### Task details
The data that follows is to be copied exactly, with each image removed.

### Raw data
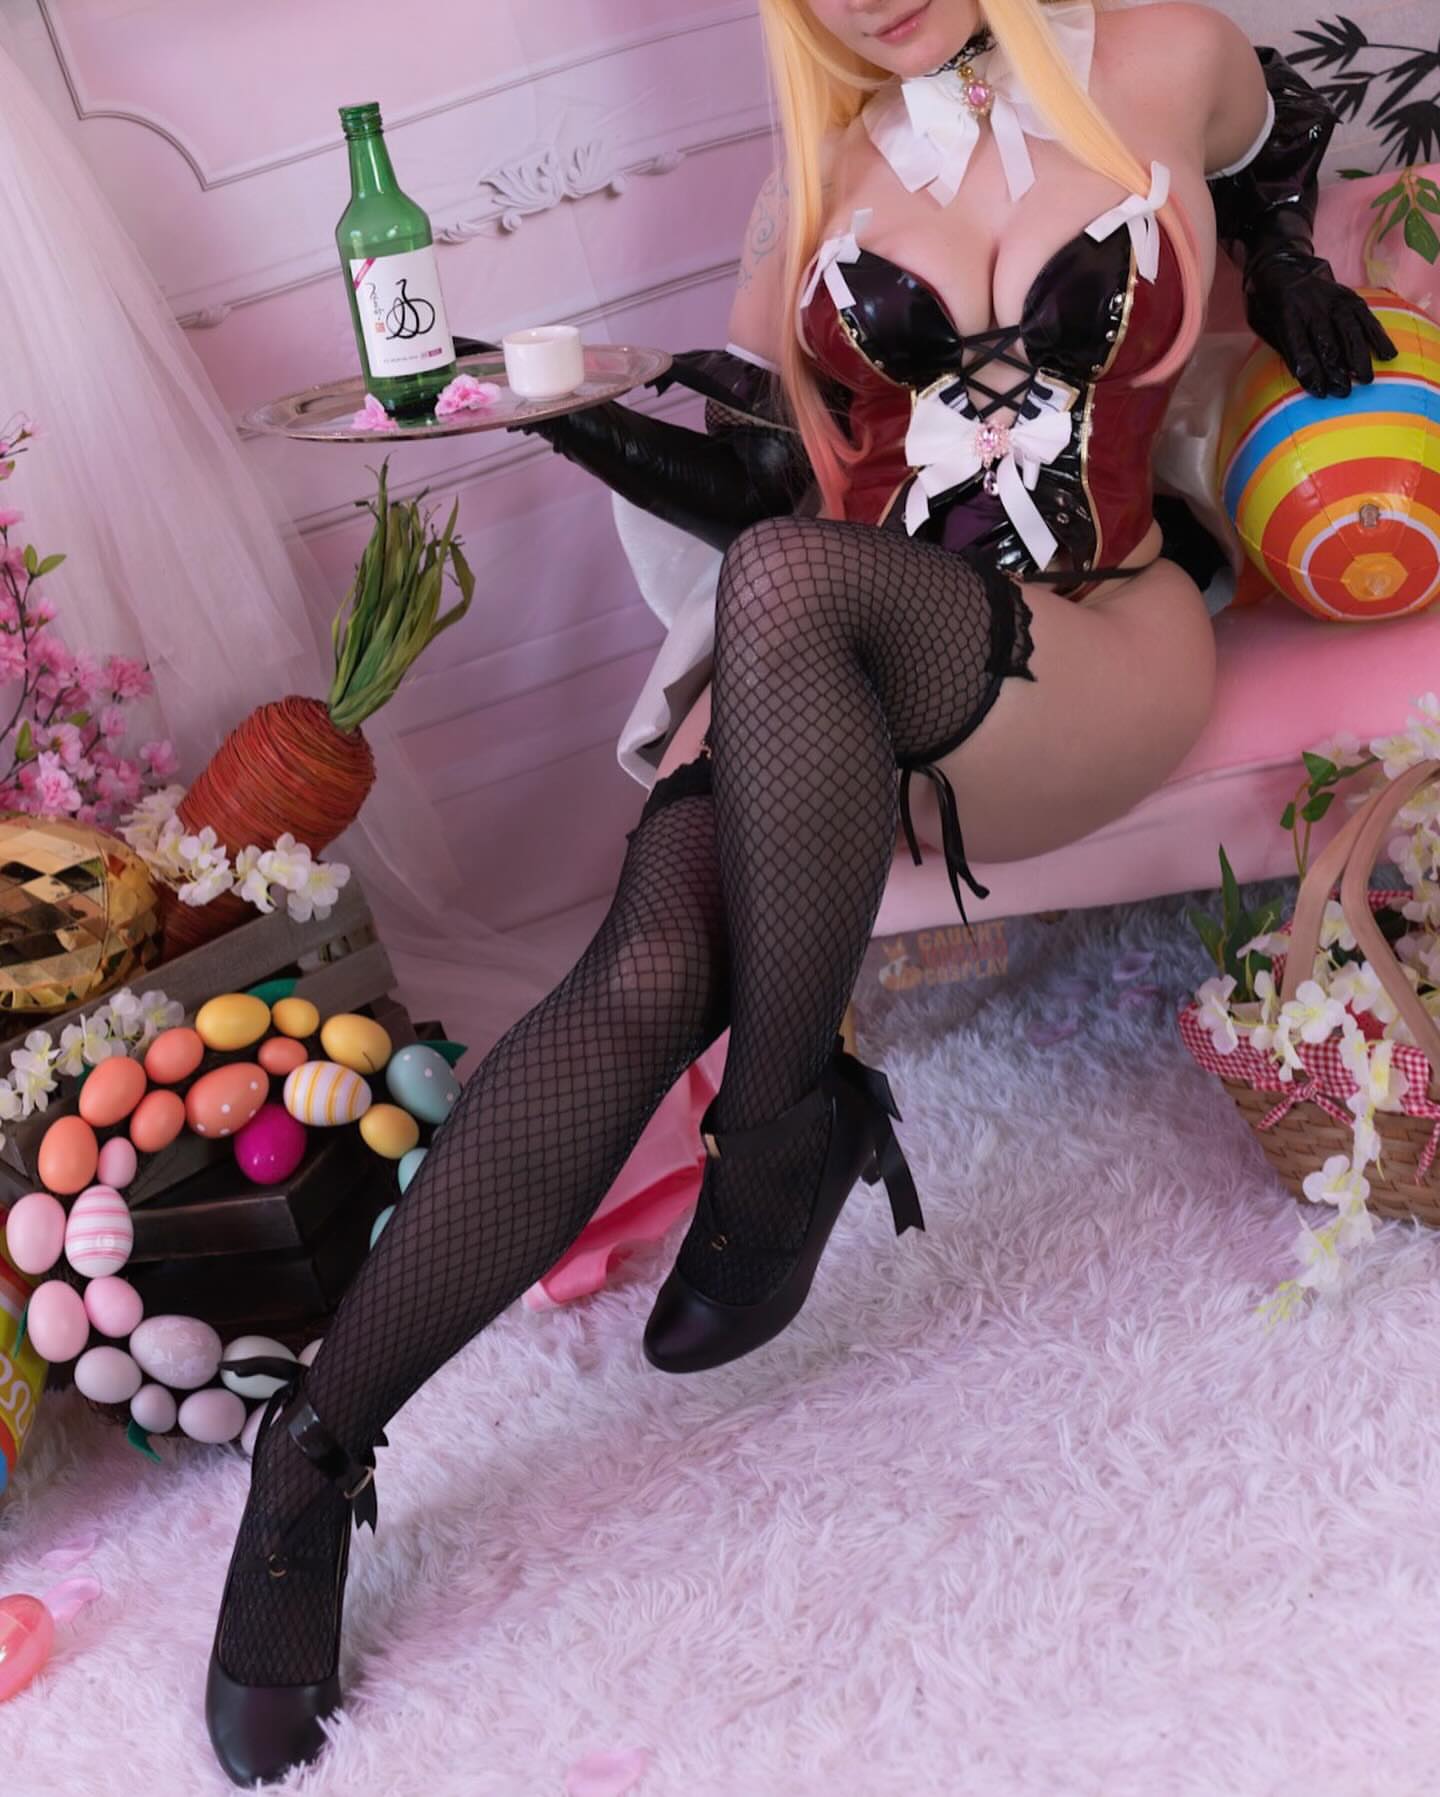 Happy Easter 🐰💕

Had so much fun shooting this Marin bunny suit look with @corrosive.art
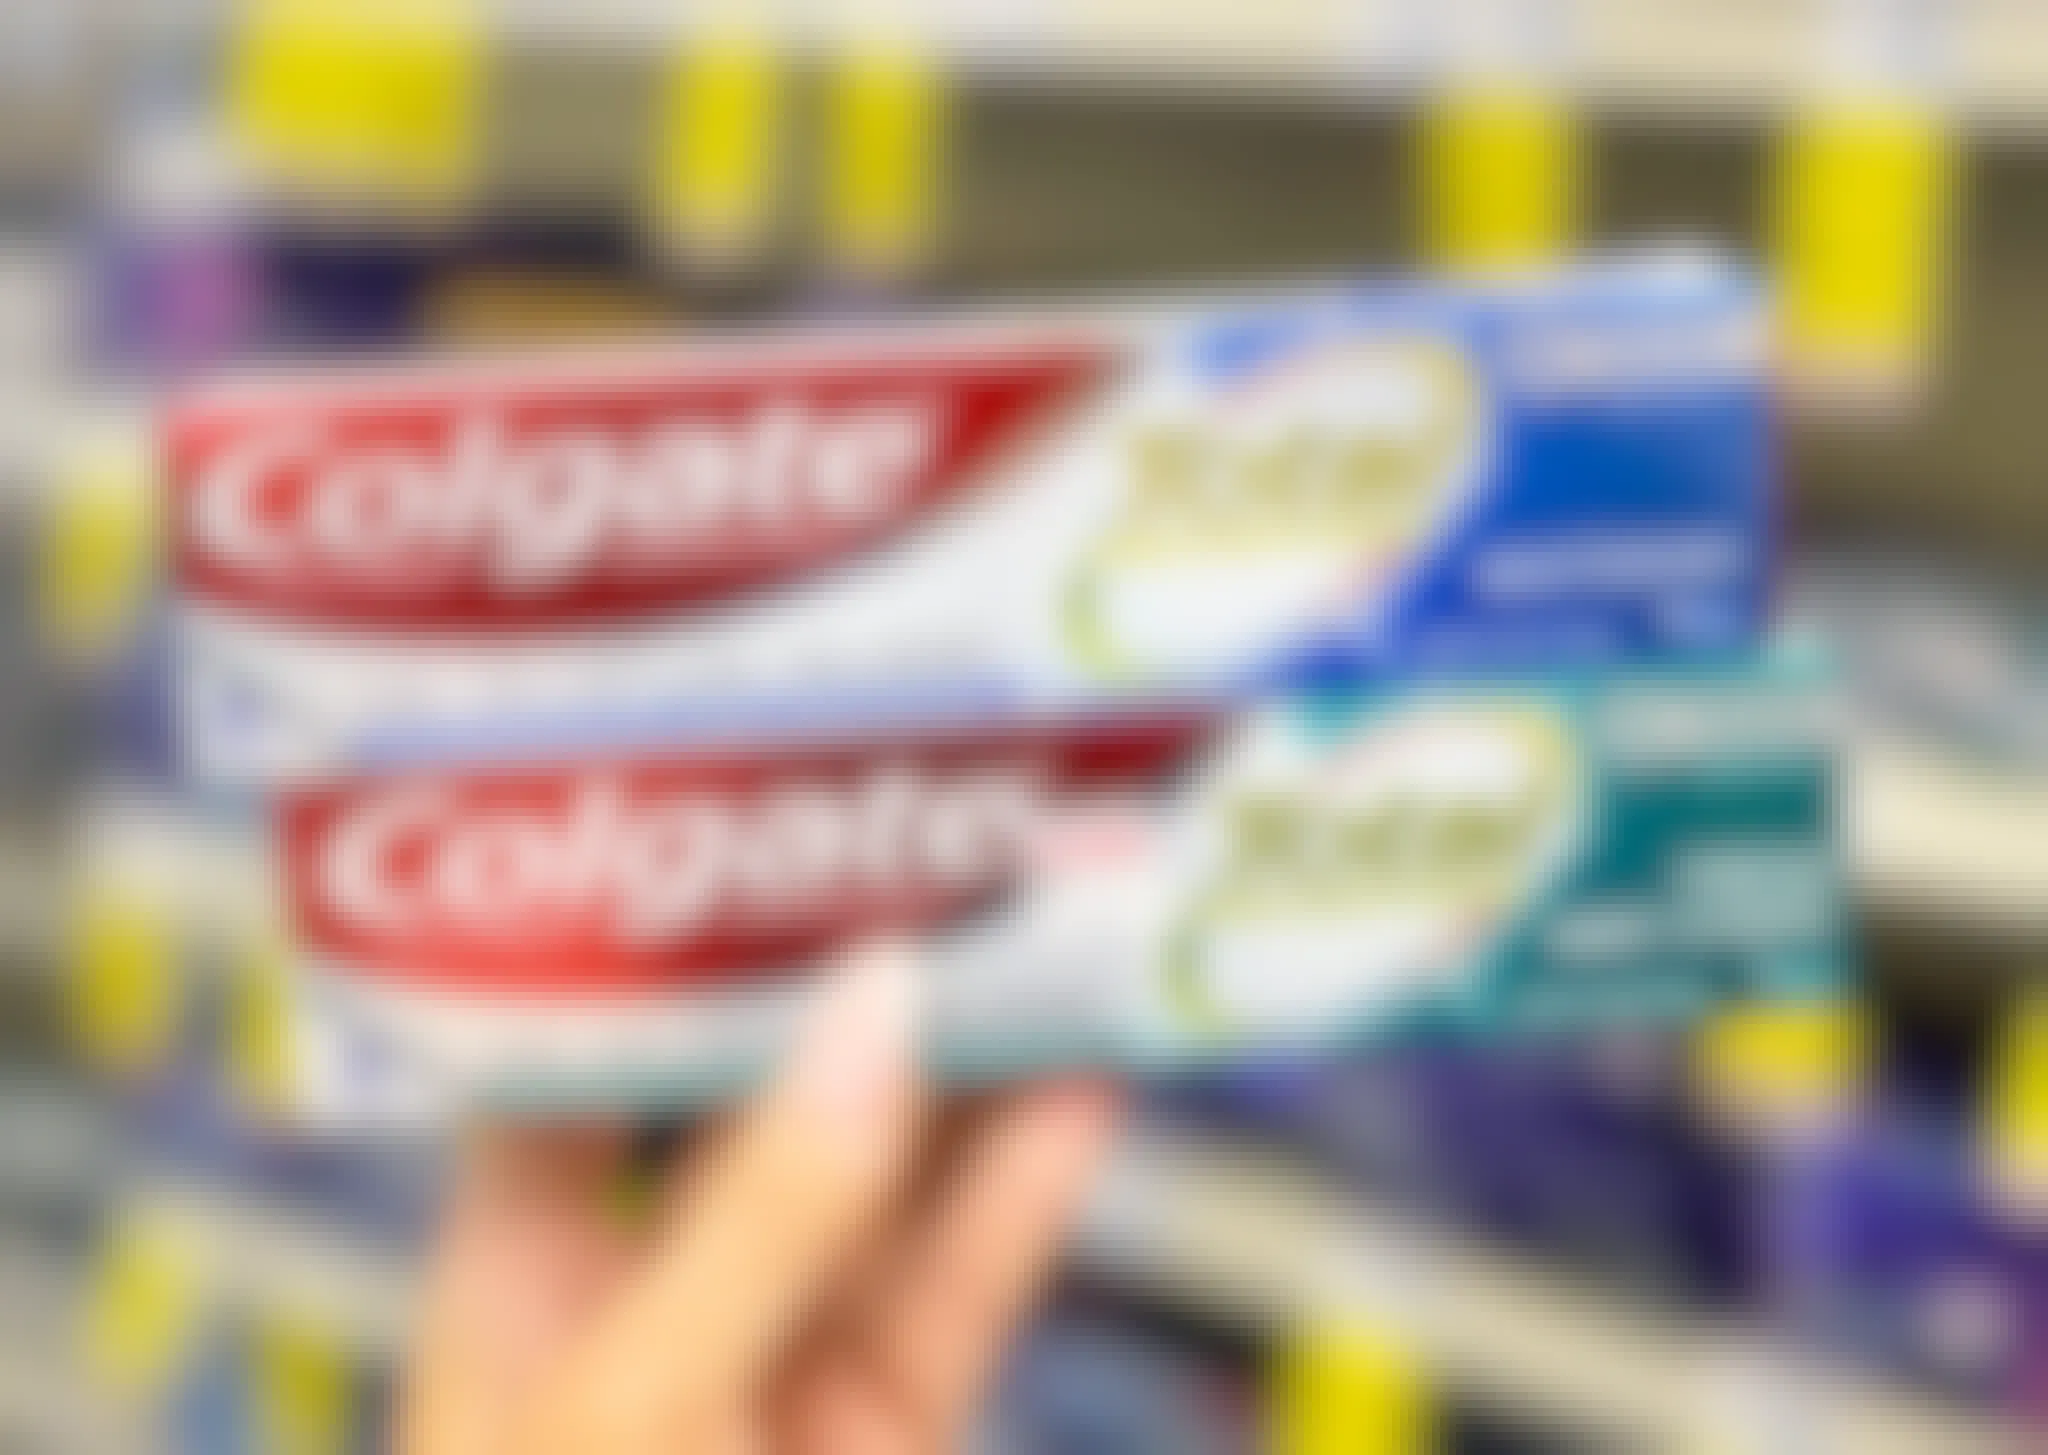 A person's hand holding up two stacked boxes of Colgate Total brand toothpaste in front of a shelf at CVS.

### Answer to the problem
 Happy Easter 🐰💕

Had so much fun shooting this Marin bunny suit look with @corrosive.art
 A person's hand holding up two stacked boxes of Colgate Total brand toothpaste in front of a shelf at CVS.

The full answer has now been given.